I was in Manhattan for some comedy meetings and goings-on.
Karen called. Her friend had bailed and she wanted me to go with her to a Dr. Oz show taping they had planned together.
As a comedian, people always think my day is wide open. It was.
We arrived at the studio at NBC in Midtown at 30 Rock. I’m not a big Dr. Oz follower, but the one thing that annoys me about the show is they create these elaborate stage props to explain everything.
Today’s taping was themed “Am I Normal or Nuts??!!” with an emphasis on belly problems. People had called the Dr. Oz Belly Hotline to ask about horrifying problems with their belly, and now the live show was showing how to treat these maladies.
One lady said her belly button smelled. What?
He should have said, “No, problem, ma’am, just step right up and pick up a can of my Dr. Oz Belly Button Deodorant.“
Instead, he asked her to show her smelly belly button so he could take a whiff. He made a face, and then had her neighbor smell it as well.
That’s a bit much to ask a stranger, even a New Yorker.
Next, he had her don a poncho and protective glasses so she could sit in a giant replica of a belly button. Dr. Oz then threw stuff on her, explaining this is the stuff that gets in your belly button and causes it to stink like 100 passengers stuck in a subway car stalled in the middle of July in the Bronx.
Why all the mess? Couldn’t he have just explained that as she sat at her seat?
Like this: “Stuff gets in your belly button and then it smells. Clean your belly button.”
Next, they talked about extended bellies from eating or drinking too much. I started to laugh, and then noticed Dr. Oz was standing next to me.
“Hello, sir! What’s your name?”
“James,” I lied.
“James, we noticed you had a little bit of a belly. Do you mind if we show it to our audience?”
“Oh, I’m just here for my friend.”
“Give him a hand, folks, he’s a little shy!” The audience cheered and clapped.
“Yeah, well, I’d rather not show you my…” Dr. Oz grabbed my shirt and lifted it up.
“See how his belly has distended over the belt, folks!” They all nodded in agreement.
“Let’s see how that happens. James, we took the liberty of scanning your body while you waited in line, and we’ve used a large 3-D printer to create this model of your belly.
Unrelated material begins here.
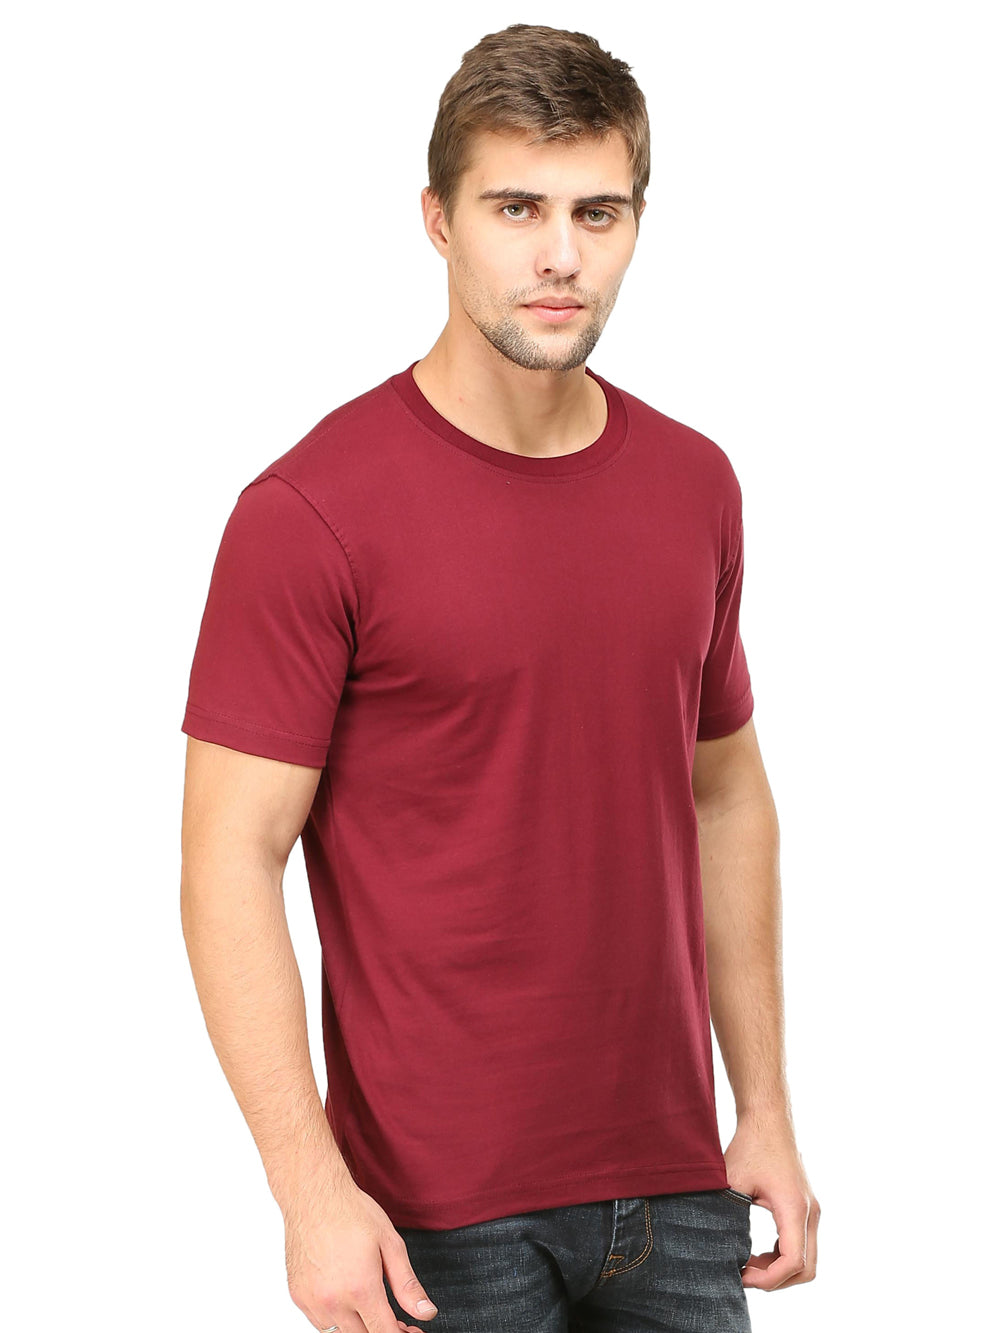 Solids : Premium Maroon  Unisex T -shirt

Come on down!”
He beckoned like those kids that lead you into a haunted house at Halloween, the kind where every year two people are never seen again.
We stood next to a model of my torso, about 20 feet high, sitting on a base about 4 feet tall.
Dr. Oz took a long pole and started poking the rolls of fat on the belly. “You drink beer, right, James!”
“Well, not usually. Sometimes. Maybe once in while, say every day.”
“James, I’m going to lift your giant belly here, and I want you to stand underneath. Good. Now, James, here is why you have all this fat. See, James, women get fat in their thighs and butts, but men in their bellies. When you drink all those beers, your body has to put the calories somewhere. In the belly!”
I couldn’t hear a word. I was sweating beneath the rolls of my own giant belly. I prayed I didn’t die from suffocation from my own flab.
Two assistants lifted the roll and Dr. Oz led me out.
“Thanks for helping us out, James. How do you feel?”
Great, Dr. Oz, but while we are explaining the obvious with giant props, let’s talk about my foot odor.